In this study, we also aimed to investigate that the position of canine teeth in cephalometric and panoramic radiographs to predict treatment duration and prognosis. The canine angulation was measured with the angle between longitudinal axis and the vertical reference line. Previous studies reported that when the angulations of the impacted canines were increased, the total orthodontic treatment time was also increased (23, 24). The results of our study was contradicted with those past studies. We found no correlation between the canine angulation and the total orthodontic treatment time. It was estimated that the mesiodistal position of the canine tip in relationship to the adjacent lateral incisor is a marker for the treatment success. Motamedi et al. (7) reported that, if the overlap (>half the root) of the adjacent lateral incisor root via the canine crown is increased, it will influence the treatment results negatively. However, we found no significant effect of the canine’s mesiodistal position on the treatment results. In this study the only radiologic parameter that was found to be related with the treatment duration, was the distance from the canine tip to its target point on the occlusal plane which was considered as mild correlation. None of other radiological parameters was found to be associated with the success and process of the treatment. Stewart et al. (19) suggested that the distance between the canine tip and occlusal plane might be a factor to estimate the treatment duration. They showed that the distance less than 14 mm exhibits treatment time around 24 months. The result of our study was in compatible with Stewart et al. (19) with an average measurement of the canine tip to its target point on the occlusal plane which was 9,6 mm and the total treatment time of 24,8 months.

Root resorption of the adjacent teeth occurs quite commonly when the incisors are close adjacent to impacted MCs. It was reported that physical proximity (/1 mm) between impacted MCs and adjacent roots is one of the most important predictor associated with root resorption of incisors and the first premolars. The increased risk of root resorption was associated with the eruption motion or migration of impacted MC during the incisors’ root development process (25). When evaluated by cone beam computed tomography (CBCT), it was shown that between 27% to 38% of the adjacent laterals and 9% to 23% of adjacent centrals exhibited root resorption associated with the impacted canine tooth (26). Yan et al. (25) was investigated 170 patients with impacted MC and reported an overall prevalence rates of resorption 27%, 18% and 10% at the maxillary lateral incisor, the central incisor, and the first premolar, respectively.

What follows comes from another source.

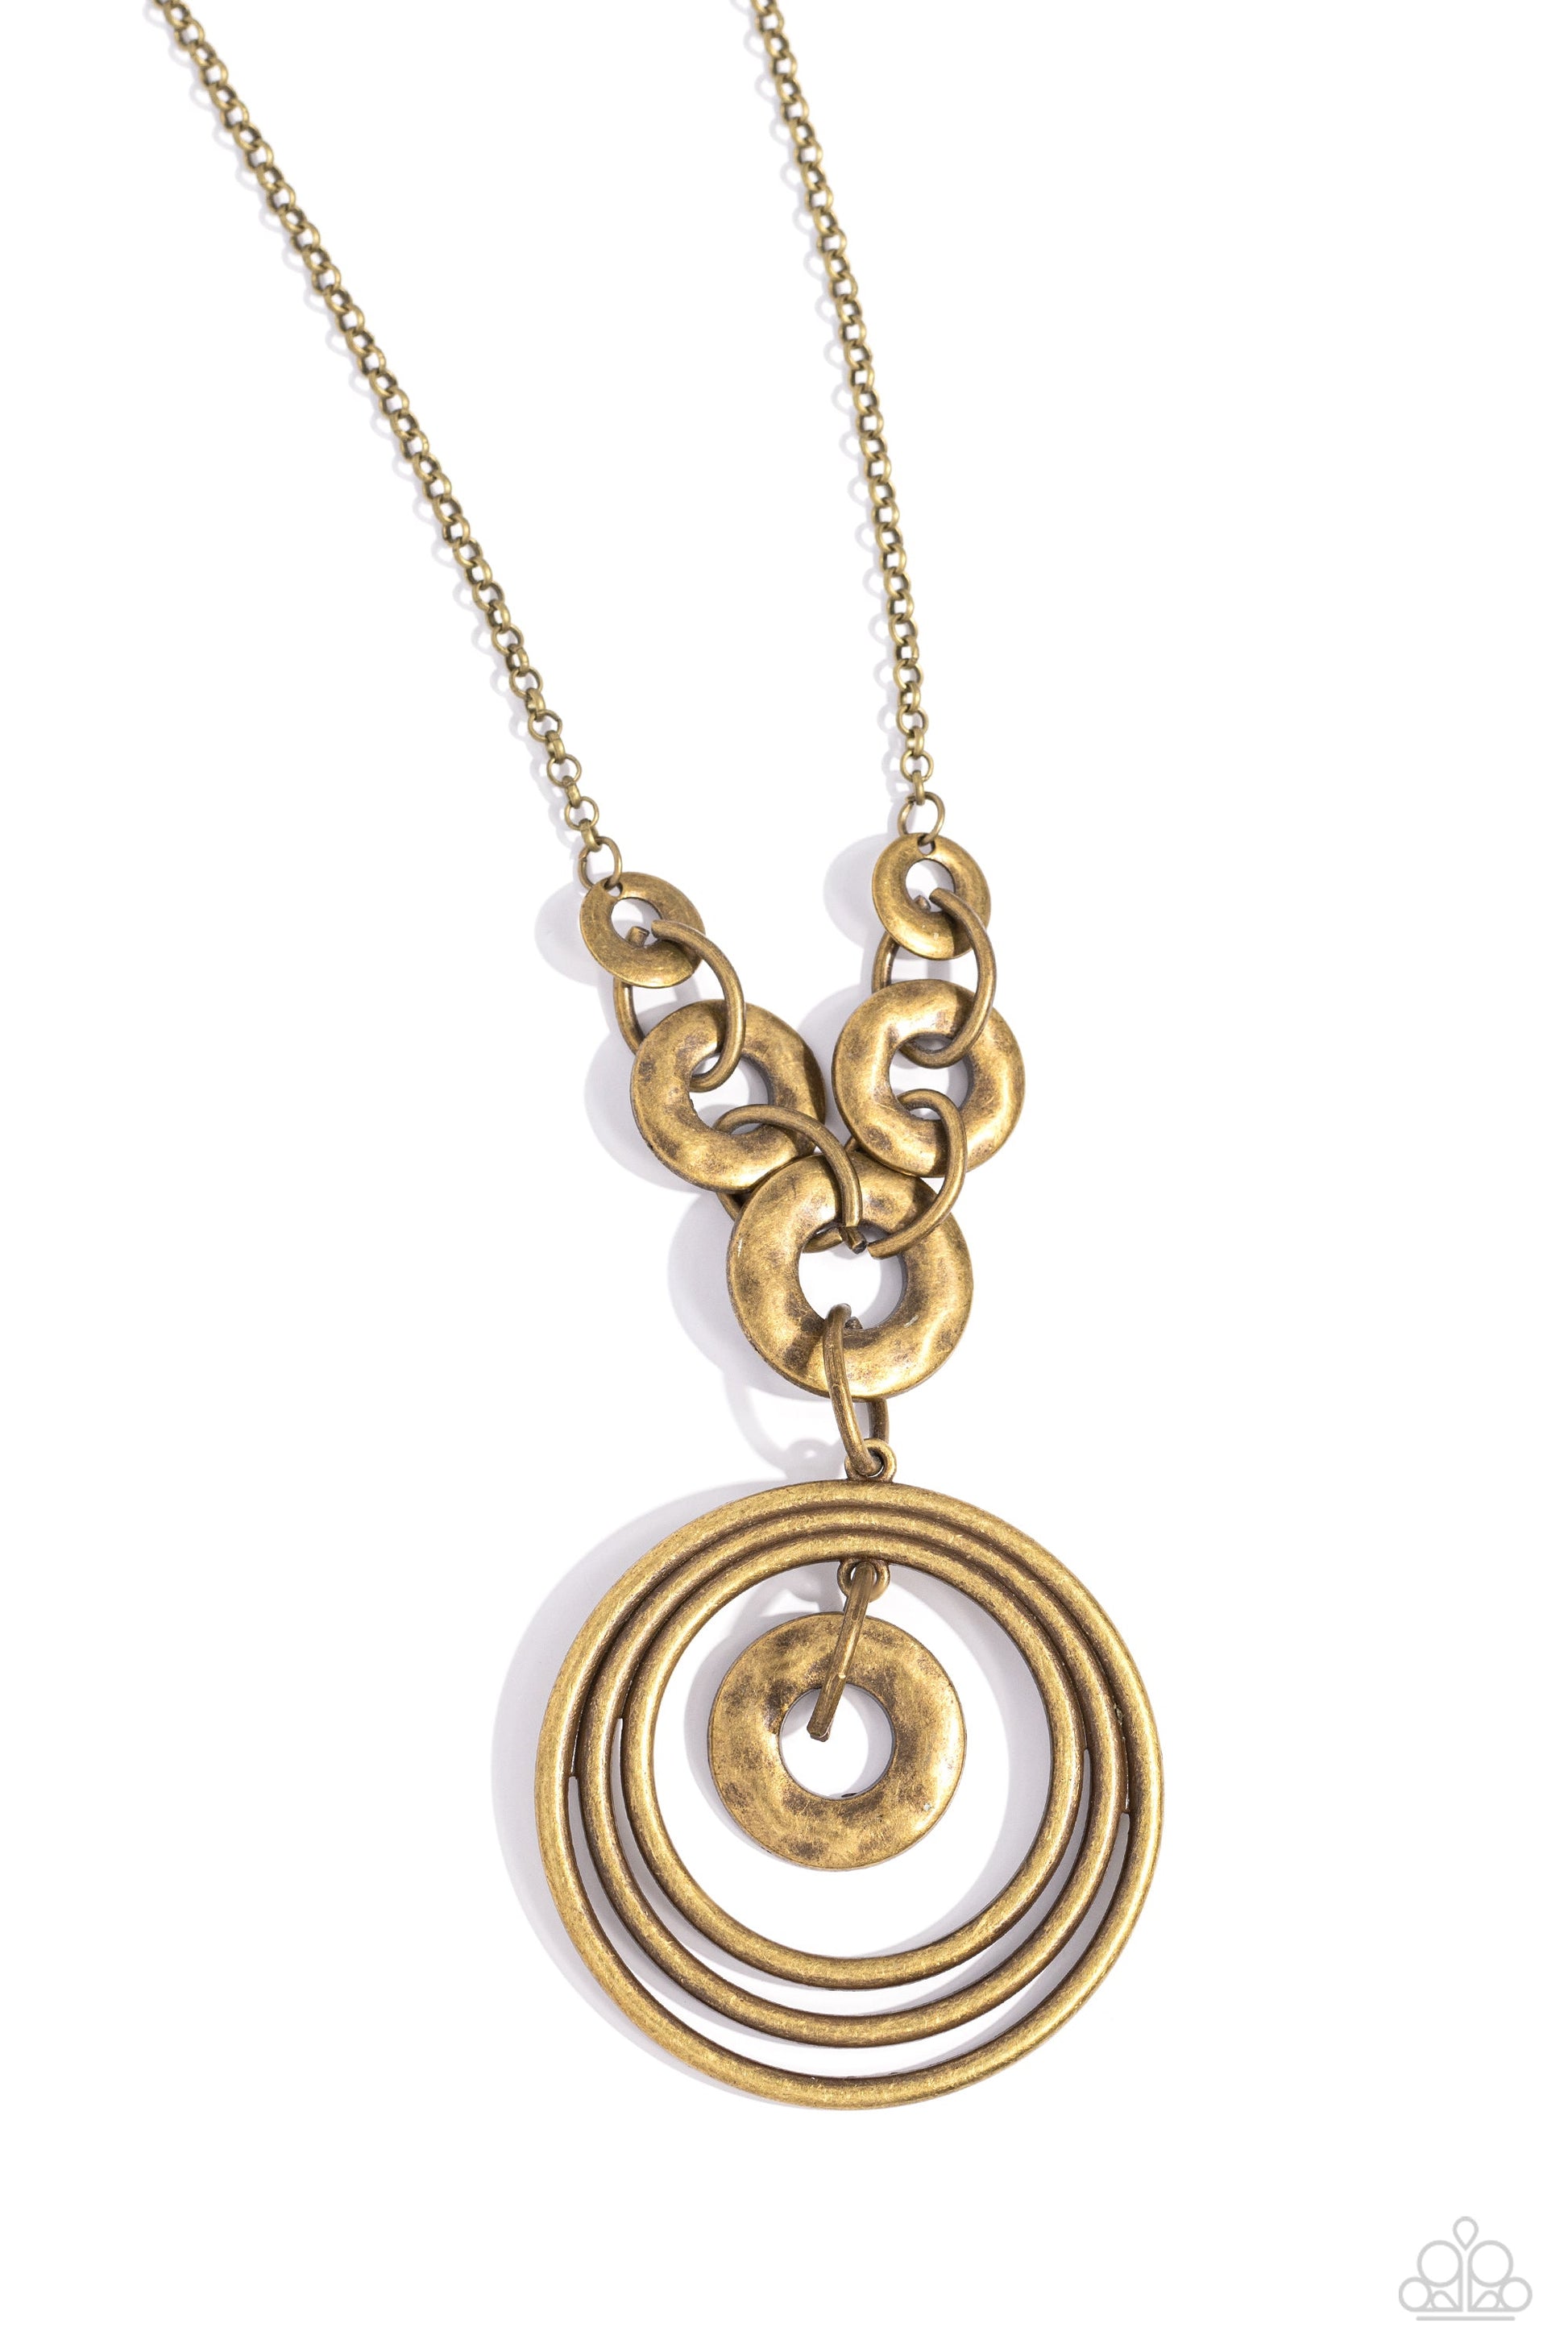 High HOOPS - Brass Fashion Necklace - Paparazzi Accessories - A trio of gritty brass rings swings from the bottom of a collection of hammered, brass hoops connected to an elongated chain in the same hue, creating an asymmetrically stacked pendant. A hammered brass ring swings in the center of the gritty rings, creating additional monochromaticity. Features an adjustable clasp closure.

In our study root resorption was evaluated by panoramic and periapical radiographs and only 4% of adjacent root resorption were occurred during the treatment period. In our opinion the resorption rate might be found greater if the cases were evaluated with a 3-dimensional CBCT imaging techniques.

Conclusion

The following results may be drawn: [1] no relation was found between young and adult patients by means of treatment duration and prognosis, [2] the canine angulation and classification of mesiodistal position of the canine tip in relation to the adjacent lateral tooth is not related with treatment time and prognosis, [3] the distance of the canine tip to the occlusal plane on the lateral cephalometric radiographs have found to be more related with the total orthodontic treatment time than the radiographic and clinical parameters.